CALOTTO CAPITAL INC. IS A CAPITAL POOL COMPANY GOVERNED BY THE POLICIES OF THE EXCHANGE. ITS PRINCIPAL BUSINESS IS THE IDENTIFICATION AND EVALUATION OF ASSETS OR BUSINESSES WITH A VIEW TO COMPLETING A QUALIFYING TRANSACTION.

CERTAIN INFORMATION IN THIS PRESS RELEASE MAY CONTAIN FORWARD-LOOKING STATEMENTS. THIS INFORMATION IS BASED ON CURRENT EXPECTATIONS THAT ARE SUBJECT TO SIGNIFICANT RISKS AND UNCERTAINTIES THAT ARE DIFFICULT TO PREDICT. ACTUAL RESULTS MIGHT DIFFER MATERIALLY FROM RESULTS SUGGESTED IN ANY FORWARD-LOOKING STATEMENTS. THE COMPANY ASSUMES NO OBLIGATION TO UPDATE THE FORWARD-LOOKING STATEMENTS, OR TO UPDATE THE REASONS WHY ACTUAL RESULTS COULD DIFFER FROM THOSE REFLECTED IN THE FORWARD LOOKING-STATEMENTS UNLESS AND UNTIL REQUIRED BY SECURITIES LAWS APPLICABLE TO THE COMPANY. ADDITIONAL INFORMATION IDENTIFYING RISKS AND UNCERTAINTIES IS CONTAINED IN FILINGS BY THE COMPANY WITH THE CANADIAN SECURITIES REGULATORS, WHICH FILINGS ARE AVAILABLE AT WWW.SEDAR.COM.

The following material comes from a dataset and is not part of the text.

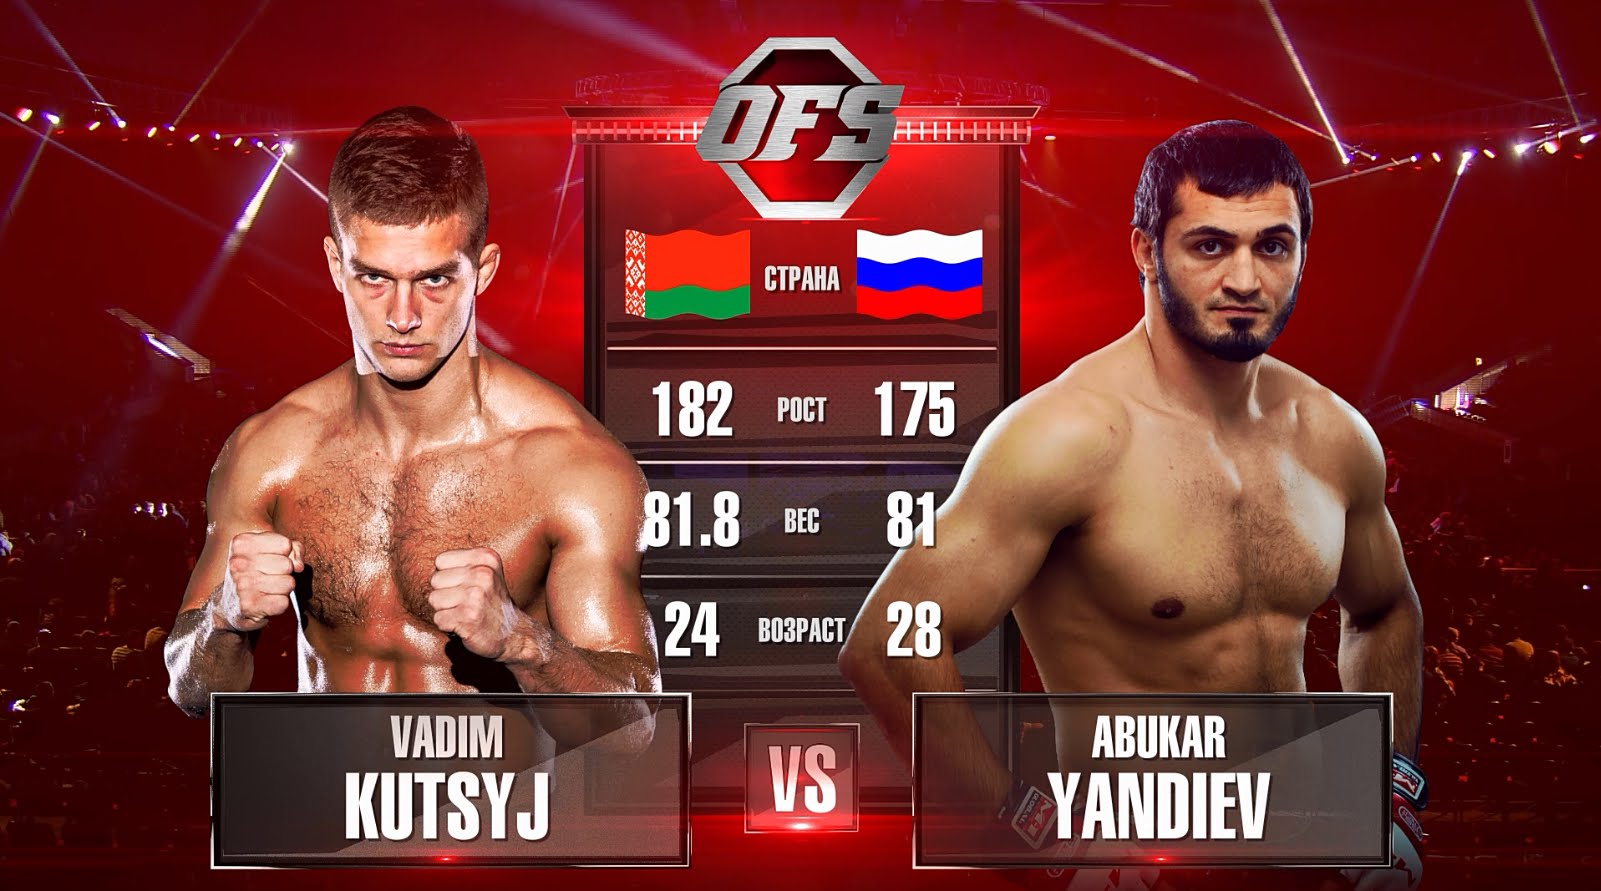 OFS-7 Vadim Kutsyj vs Abukar Yandiev Full Fight MMA Video1601 x 891

THIS IS NOT AN OFFER FOR SALE, OR A SOLICITATION OF AN OFFER TO BUY, IN THE UNITED STATES OR TO ANY "U.S. PERSON," AS SUCH TERM IS DEFINED IN REGULATION S UNDER THE U.S. SECURITIES ACT OF 1933, AS AMENDED (THE "U.S. 1933 ACT") OF ANY EQUITY SHARES OR ANY OTHER SECURITIES OF THE COMPANY OR HAMILTON THORNE.

THE COMMON SHARES AND OTHER SECURITIES OF THE COMPANY TO BE ISSUED PURSUANT TO THE QT TO THE SECURITY HOLDERS OF HAMILTON THORNE HAVE NOT BEEN REGISTERED UNDER THE U.S. 1933 ACT OR THE LAWS OF ANY STATE OF THE UNITED STATES AND MAY NOT BE OFFERED OR SOLD IN THE UNITED STATES (OR TO A U.S. PERSON) ABSENT REGISTRATION UNDER THE U.S. 1933 ACT AND/OR ANY APPLICABLE STATE LAWS OR AN APPLICABLE EXEMPTION FROM THE REGISTRATION REQUIREMENTS OF THE U.S. 1933 ACT AND/OR AN APPLICABLE STATE LAWS.

NEITHER THE EXCHANGE NOR ITS REGULATION SERVICES PROVIDER (AS THAT TERM IS DEFINED IN THE POLICIES OF THE EXCHANGE) ACCEPTS RESPONSIBILITY FOR THE ADEQUACY OR ACCURACY OF THIS RELEASE.